This study explores one of the most consequential questions facing the US media marketplace today: What does it really take – financially, operationally, and structurally – to build and sustain a national, currency-grade television measurement service in a multi-currency age?
The stakes for the industry are profound. Currency data remains the foundation of planning, pricing, forecasting, and transacting billions of dollars of advertising investment each year. Yet the ecosystem surrounding this foundation is changing faster than at any point in its history. Viewing has fragmented across platforms and devices; streaming has introduced both new opportunities and new cost dynamics; identity data is evolving under pressure from privacy regulation; and buyers and sellers face increasing commercial and operational complexity when navigating multiple datasets that sometimes deliver materially different answers. In this environment, the industry requires a clear-eyed, fact-based understanding of the economics that underpin competition, innovation, and long-term viability in the currency marketplace.
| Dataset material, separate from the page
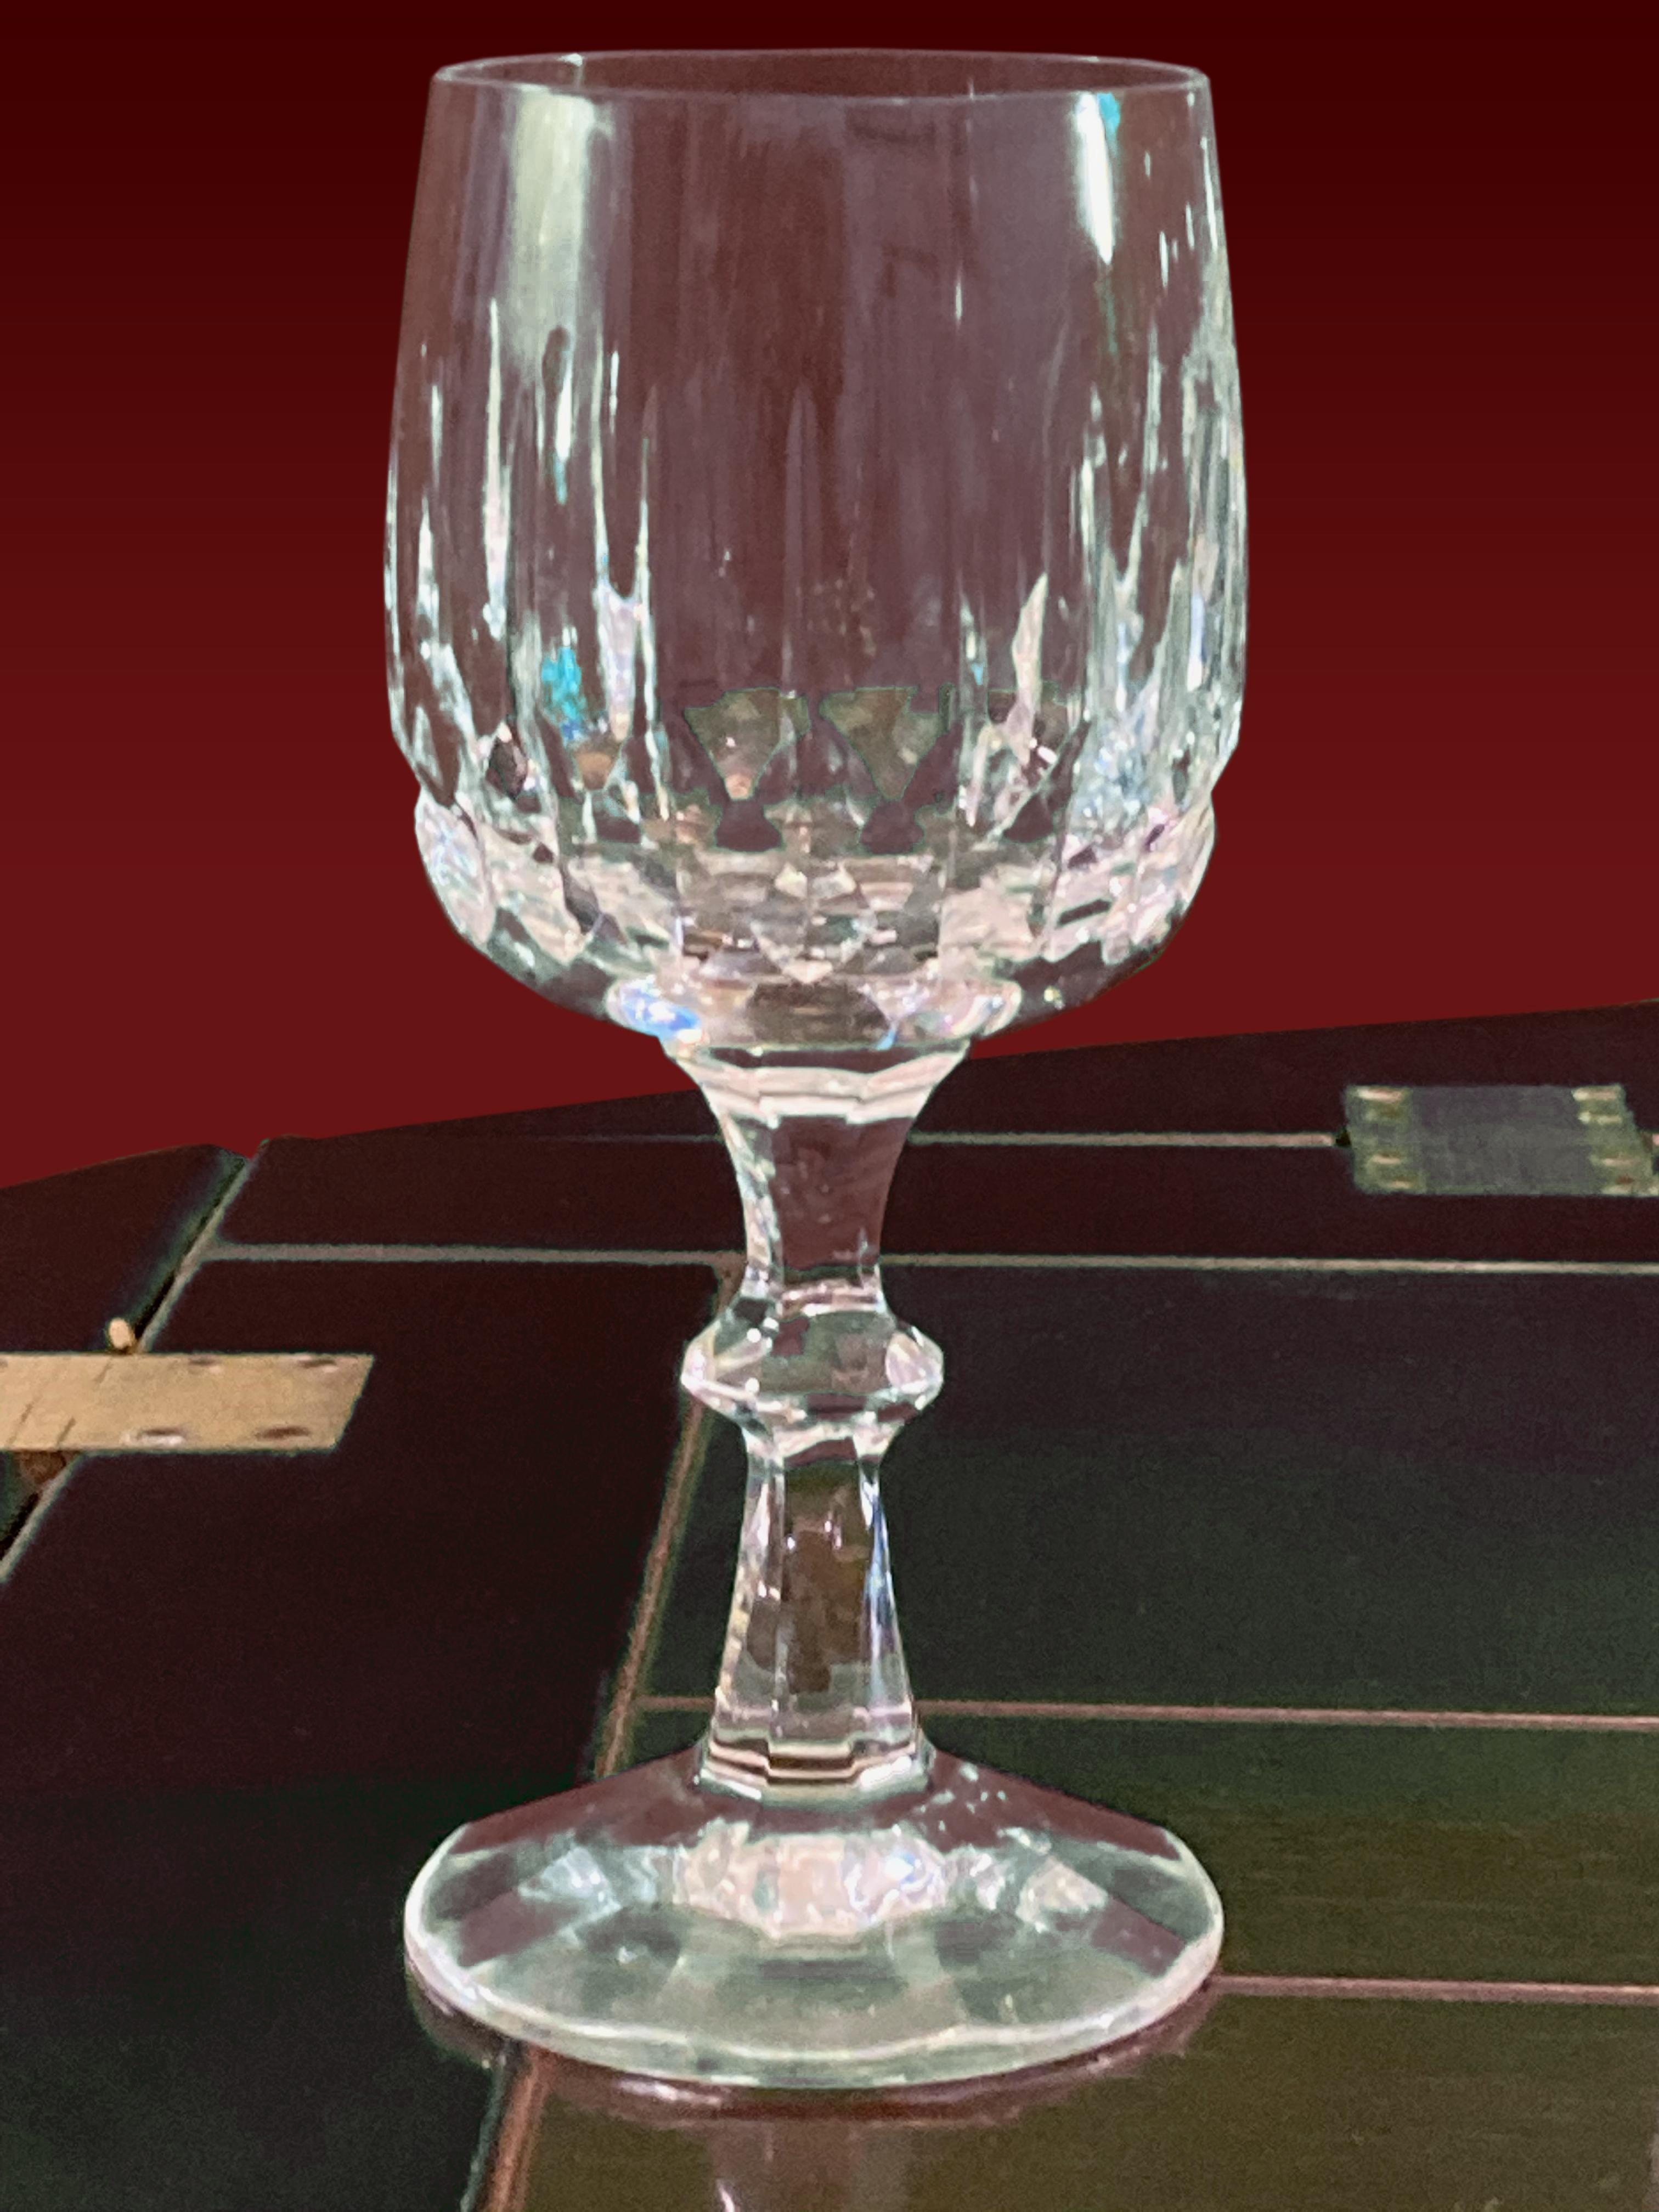 WineGlas2-Single copy

This report aspires to provide that foundation. It draws on extensive financial modeling, wide-ranging interviews with leaders across agencies, programmers, platforms, and data providers, and rigorous analysis of the structural forces reshaping the marketplace. By articulating the true cost components of a currency solution, exploring potential revenue pools, and examining the real-world constraints that shape provider economics, the study offers a grounded assessment of whether it is reasonable to believe that multiple currencies are commercially viable and sustainable.